How to Get an Adjustable-Rate Mortgage (ARM)

What it is

 At a Glance
Loan Type:Mortgage
Lender:Bank
Secured:Yes

An adjustable-rate mortgage, also called ARM or a variable rate mortgage, is when the interest rate on the loan is periodically adjusted based upon the economic index. The payments made by the borrower change over time with the changing interest rate. This is not a graduated payment mortgage, which offers changing payment amount on a fixed interest rate. Adjustable-rate mortgages transfer part of the interest rate risk from the lender to the borrower. They can be used when unpredictable interest rates make fixed-rate loans impractical or difficult to obtain. The borrower benefits if the interest rate falls and loses out if the interest rate rises.

Adjustable-rate mortgages offer the ability to repay principal or capital early without penalty. Early payments of part of the principal will reduce the total cost of the loan and will shorten the amount of time needed to pay off the loan. Early payoff of the entire loan amount is often done when interest rates drop significantly.

Who it's for

Adjustable-rate mortgages are for people who want to be able to take advantage of decreasing interest rates.

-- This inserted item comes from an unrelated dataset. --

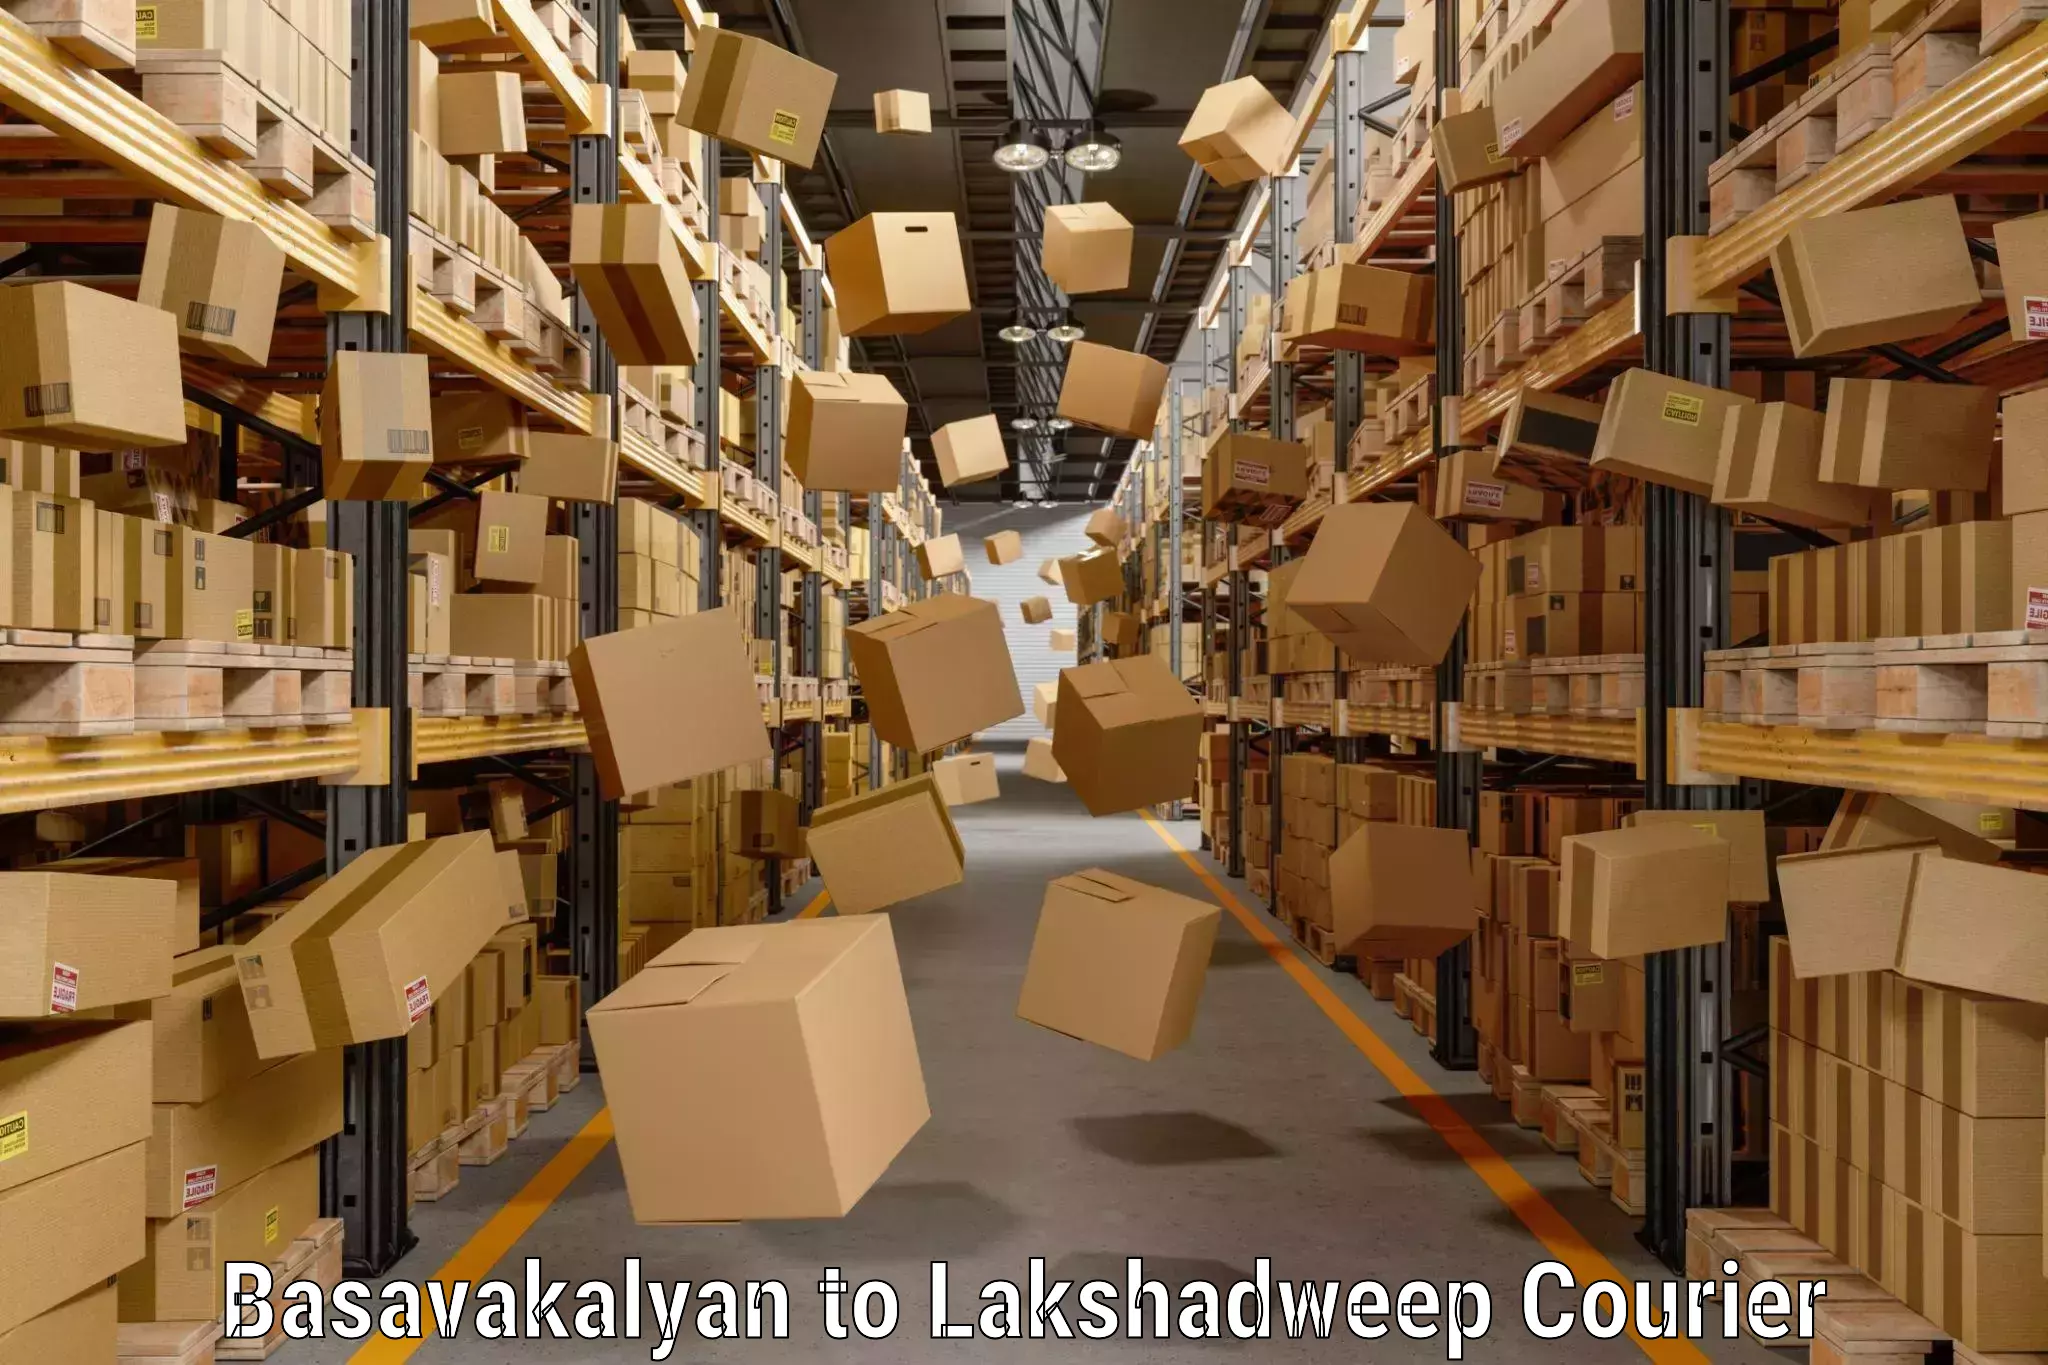 Luggage delivery network Basavakalyan to Lakshadweep

Adjustable-rate mortgages offer people more affordability when it comes to mortgage financing. The initial interest rate for an adjustable-rate mortgage is lower than that of a fixed-rate mortgage, where the interest rate remains the same during the life of the loan. A lower rate means lower payments, which might help you qualify for a larger loan.

What you need to do to apply

In order to obtain an adjustable-rate mortgage, interested applicants will need to contact a local lending institution and inquire about the different options and rates available. Personal and financial history, including a credit report, will need to be made available to the lending institution. A property appraisal may also be required.